Где-то в конце 60-х после большого перерыва, проходя мимо мастерской скульптора со стороны бульвара, я заметил его сидящим все в том же синем халате, как в моем детстве, на скамеечке почти у тротуара. Я остановился, поздоровался с ним и присел рядом. Сергей Тимофеевич, кажется, обрадовался мне. Мы разговорились. Он был полон энтузиазма и стал рассказывать мне о звездах, о новых открытиях ученых. О том, что с жизнью человека его клетки омолаживаются, и он чувствует это и радуется жизни. Я полностью разделял его оптимизм и желал ему прожить еще много, много лет. Только сейчас эта идея получила экспериментальное подтверждение на опытах с мышами. Клетки и гены действительно можно восстановить и омолодить. Но до использования этих знаний для людей потребуется еще много лет. К сожалению, великий скульптор вскоре ушел в звездный мир. Сегодня в его квартире – мемориальный музей С.Т. Коненкова. А на месте мастерской красуется шикарный кафе-ресторан «Пушкин», выходящий фасадом на Пушкинский бульвар.

На первом этаже нашего дома, от угла ул. Горького вдоль бульвара до квартиры Коненкова был магазин «Армения». От него шел потрясающий аромат востока, там можно было купить восточные сладости и выпить минеральной воды «Джермук» с сиропом.  Магазин работает до сих пор, но стал меньше и в значительной мере потерял свое восточное очарование.

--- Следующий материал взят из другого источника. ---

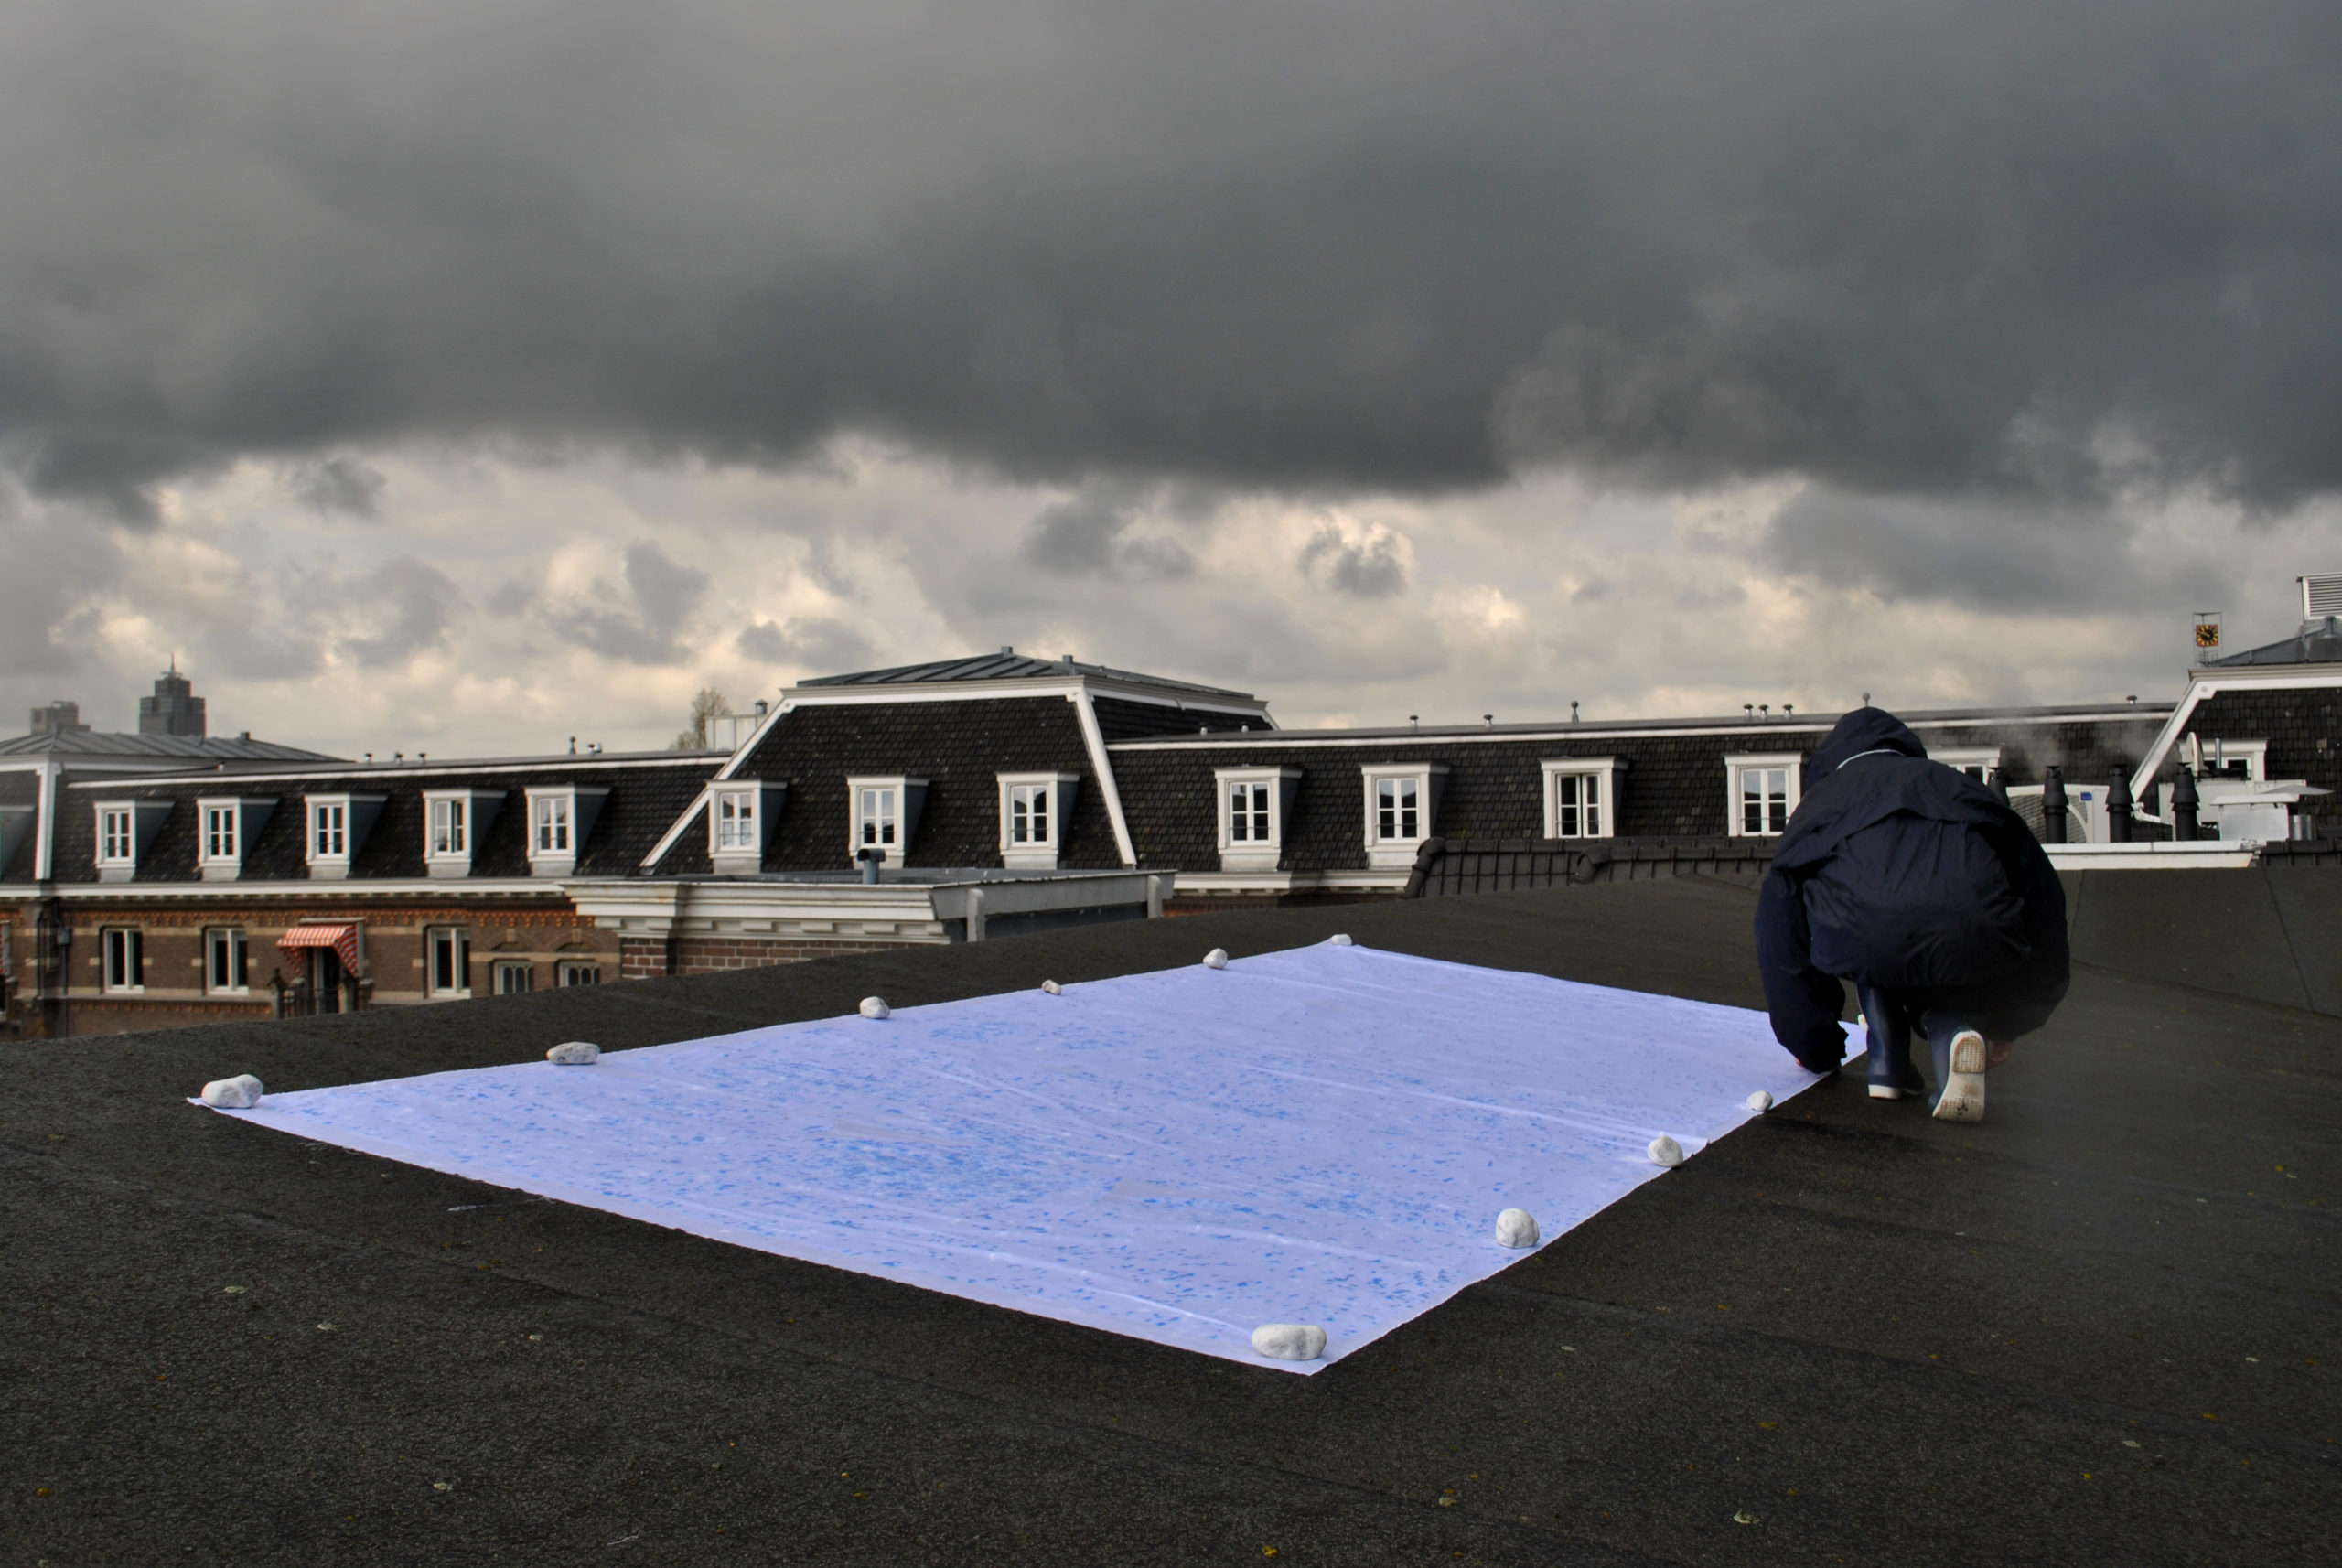 On a stormy day, a figure in rain gear lays out a sheet of plastic on a field on the roof of a building. The plastic is anchored with white stones, and the facade of a grand house can be seen in the near distance.

В нашем большом доме было много знаменитых и интересных людей. В моем  подъезде жил Юрий Владимирович Дуров, замечательный дрессировщик, артист цирка. У него также было помещение с выходом во двор. Он сам кормил свою громадную коричневую гладкошерстную породистую собаку. Клал ей из ведра большие куски мяса. Я удивлялся, как много мяса надо собаке, и завидовал ей, ведь после войны мясо у нас в доме мы видели нечасто. Дуров был очень приятный и общительный человек. Мы с мамой (она занималась в доме общественной работой) иногда заходили к нему. Пока взрослые разговаривали, я рассматривал его замечательную квартиру, в которой говорило (у него было несколько говорящих попугаев), пело, трещало множество птиц.

Однажды внизу я ждал лифта. Подходит лифт, открываются двери и из него важной походкой выходят… королевские пингвины! А за ними – сам Дуров. Оказывается, пингвинов ему подарили полярники, которые только что прилетели из Антарктиды. О полярниках и пингвинах я слышал по радио. А теперь вот пингвины жили в моем подъезде, и на них можно поглазеть совсем близко и даже дотронуться. Грандиозно, немыслимо!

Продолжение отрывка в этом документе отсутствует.